CSS parser uses uninitialized memory

Categories

(Core :: CSS Parsing and Computation, defect)

defect
Not set
normal

Tracking

()

RESOLVED DUPLICATE of bug 389685

People

(Reporter: lcamtuf, Unassigned)

References

()

Details

Hello again,

This is a pretty interesting bug, actually, although I had no time to analyze it in great detail...

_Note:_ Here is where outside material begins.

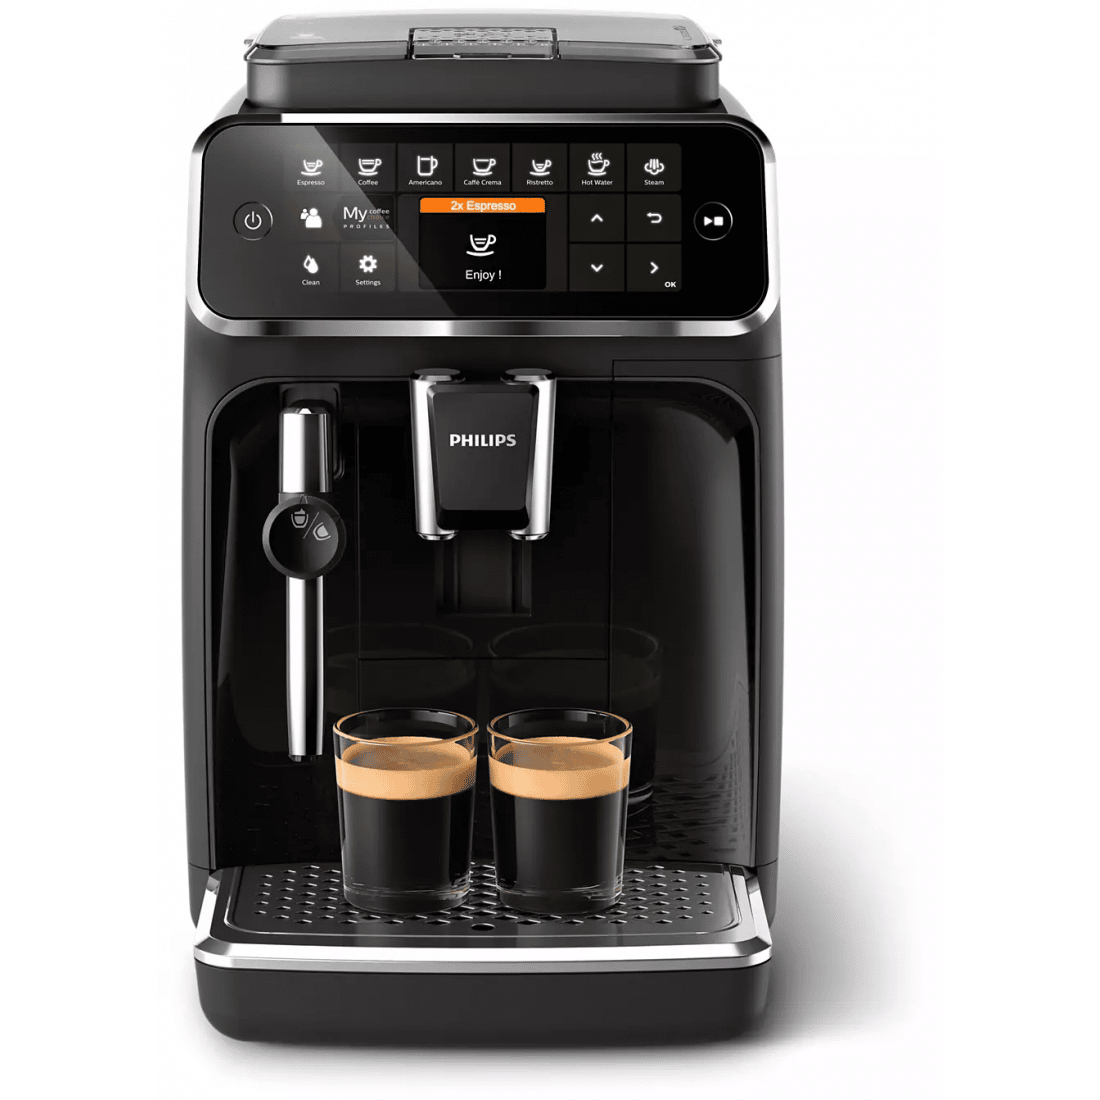 Philips Full Auto Espresso Machine 4300 Series à¹à¸à¸£à¸·à¹à¸à¸à¸à¸à¸?à¸²à¹?à¸ à¹à¸à¸ªà¹à¸à¸£à¸ªà¹à¸à¹ ...

If STYLE="" parameter is encountered when parsing a tag (or just any other STYLE value that is semantically empty, that is consists of whitespaces and comments alone), Firefox CSS parser will apparently attempt to utilize the contents of a previous, already deallocated buffer and interpret this as a syntax element instead.

See bug URL for demo.

Using (and possibly freeing again) deallocated memory is obviously bad for security, and may easily lead to serious problems. 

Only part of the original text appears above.